• _WORK INSTRUCTION_
In the listing below, locate the line with "The Teatro dell’Opera di Roma" and the line with "Le monastère de", then output both and everything between them exactly, minus any pictures.

• _DATA EXTRACT_
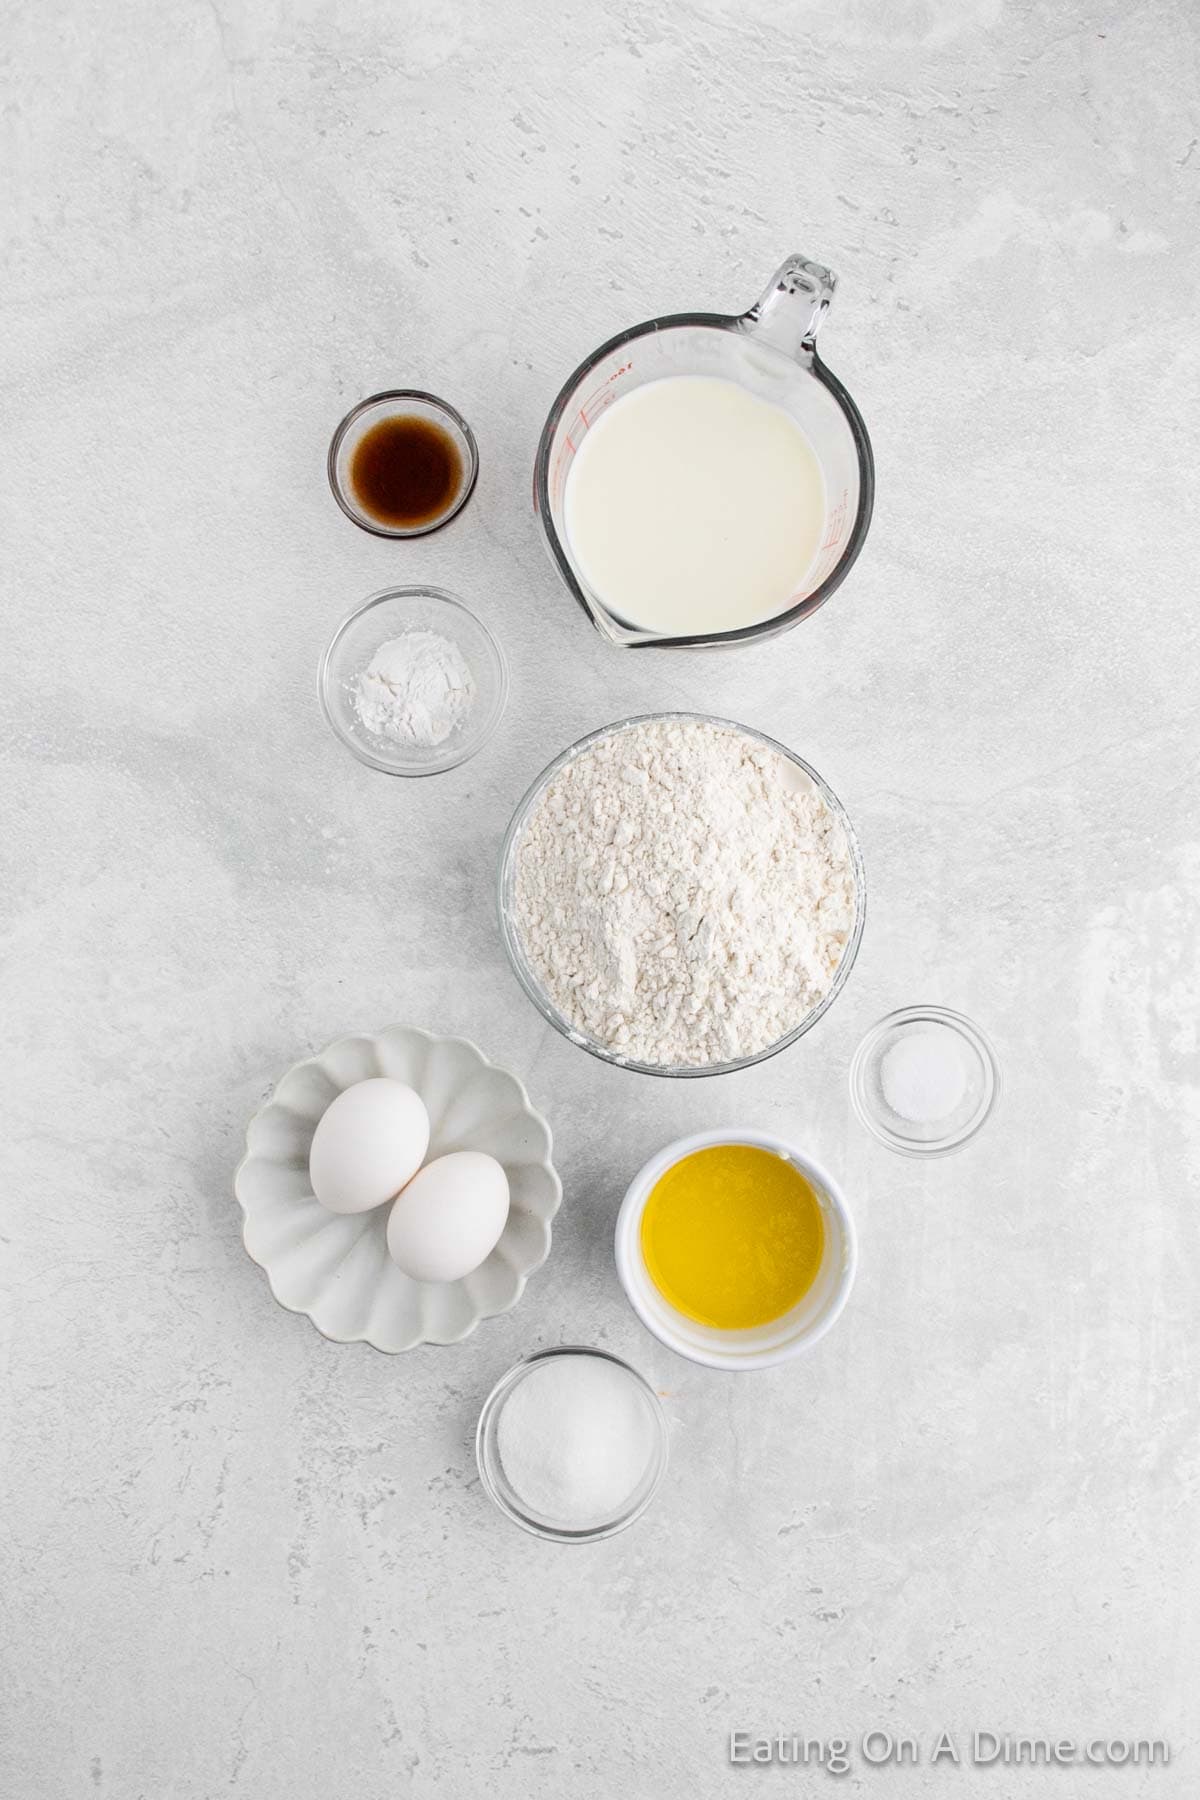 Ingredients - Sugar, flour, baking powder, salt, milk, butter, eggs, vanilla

...

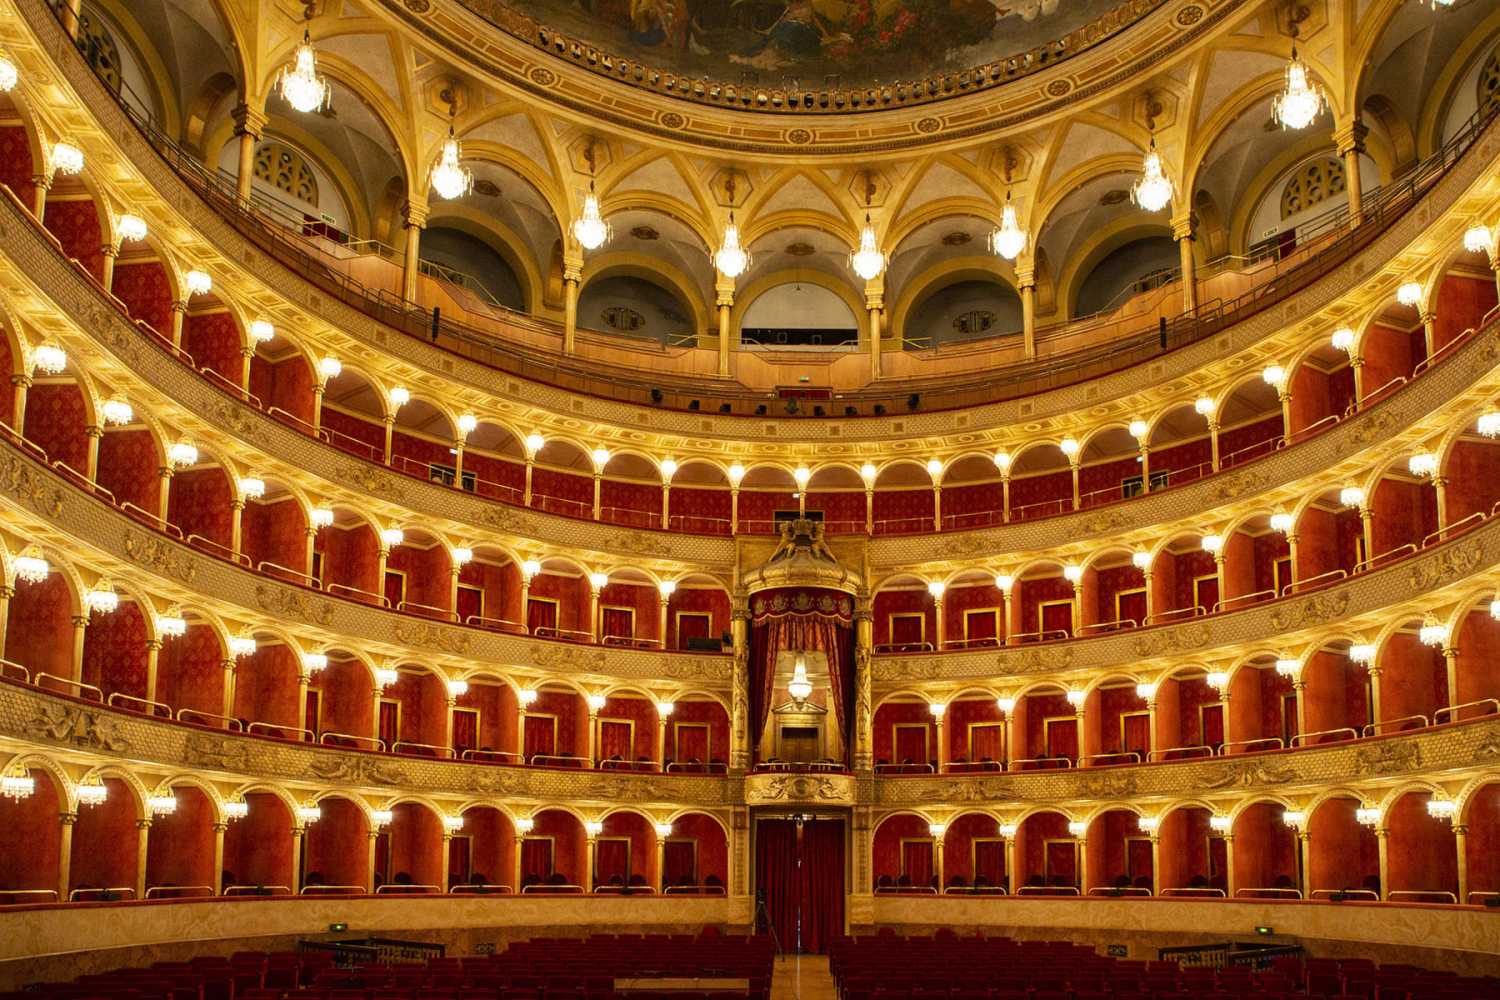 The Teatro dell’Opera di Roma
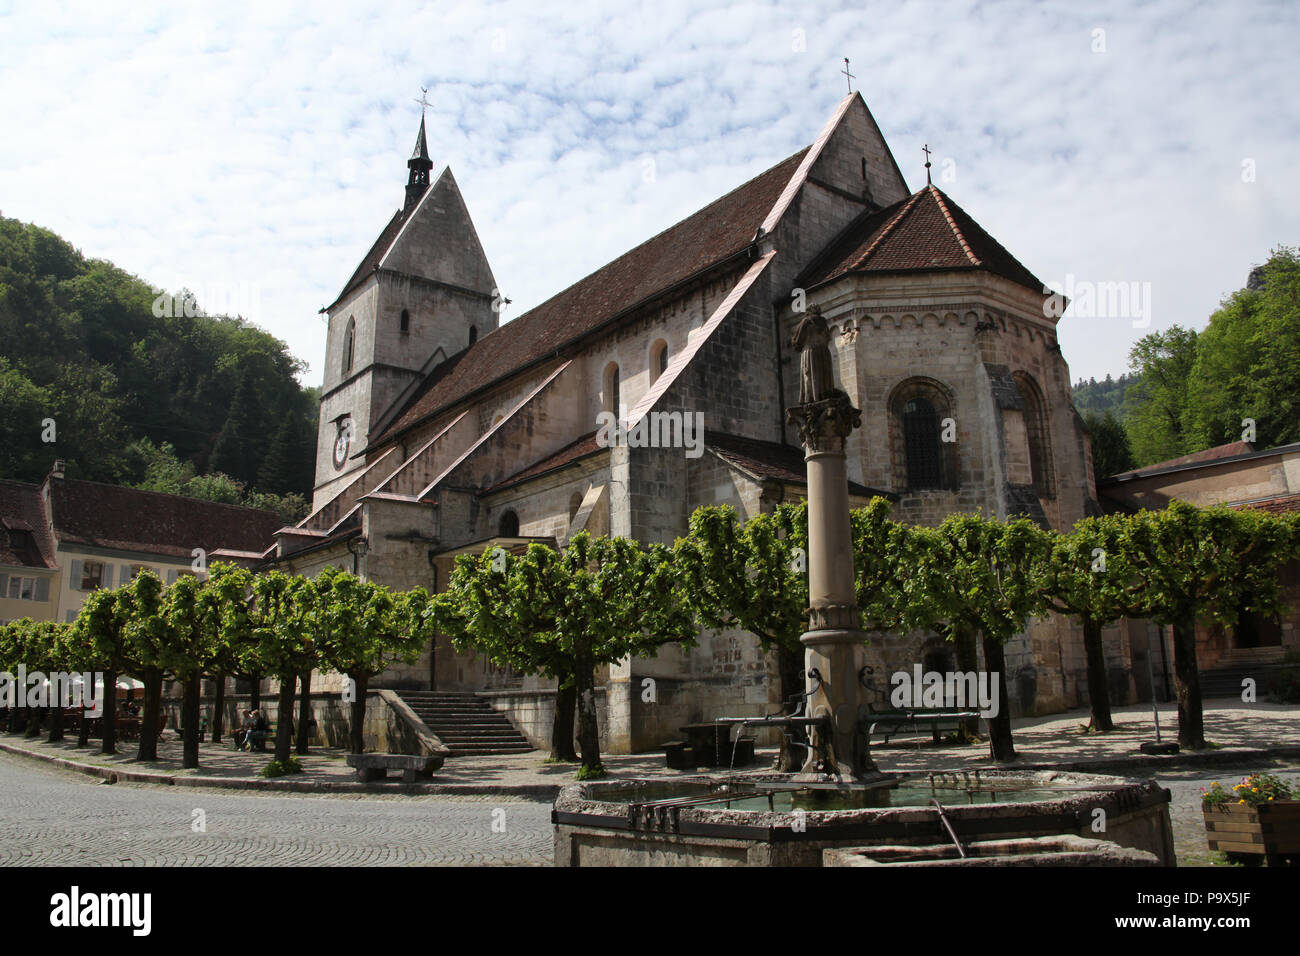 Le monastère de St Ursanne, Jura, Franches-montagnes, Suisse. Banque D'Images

...

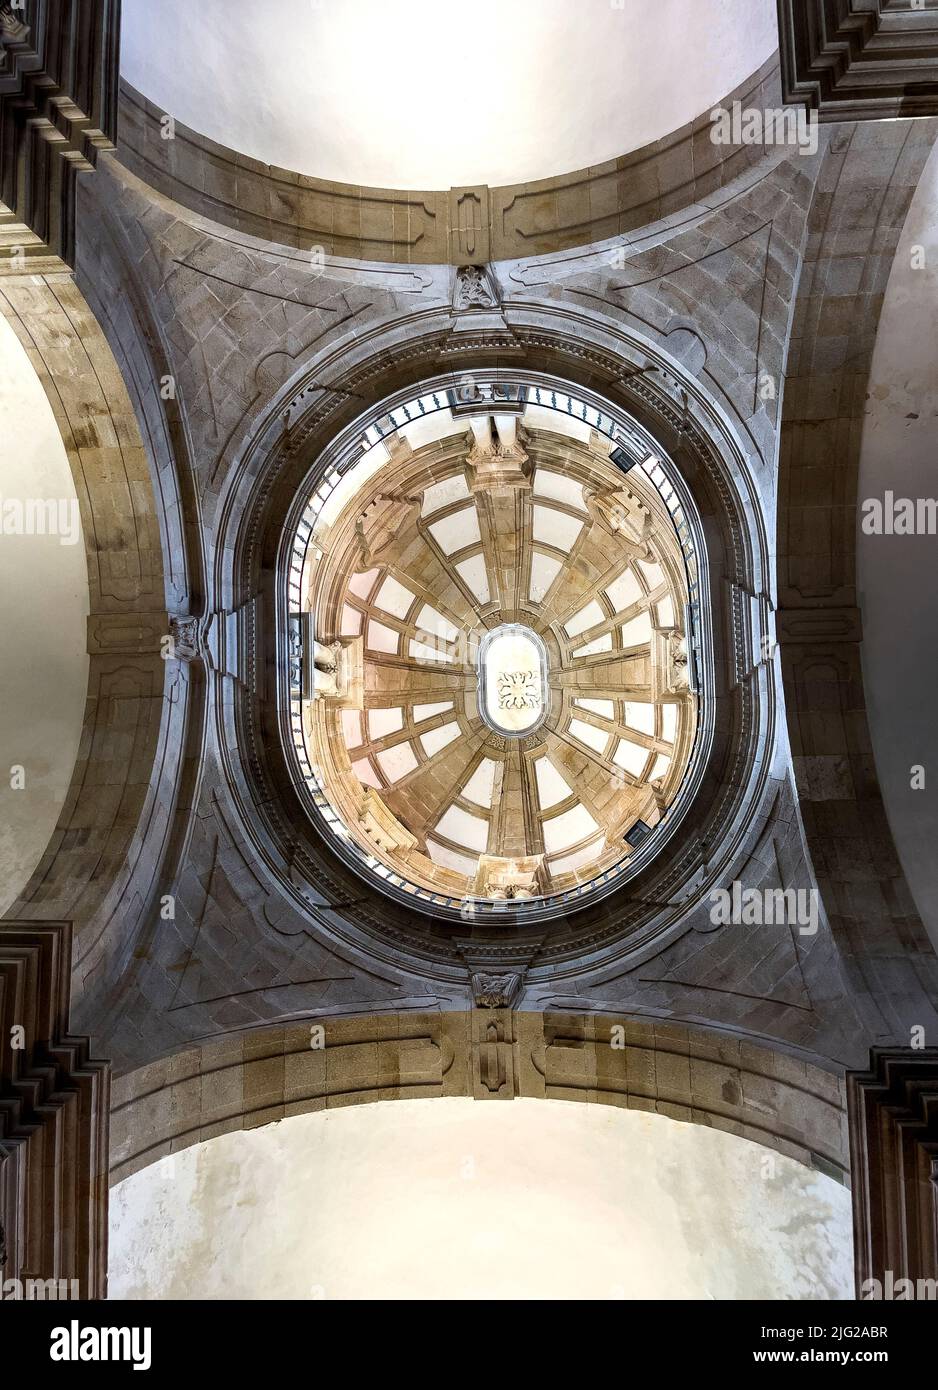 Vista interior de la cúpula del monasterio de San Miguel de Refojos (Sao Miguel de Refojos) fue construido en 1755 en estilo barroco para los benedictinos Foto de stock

• _ANSWER AREA_
 The Teatro dell’Opera di Roma
 Le monastère de St Ursanne, Jura, Franches-montagnes, Suisse. Banque D'Images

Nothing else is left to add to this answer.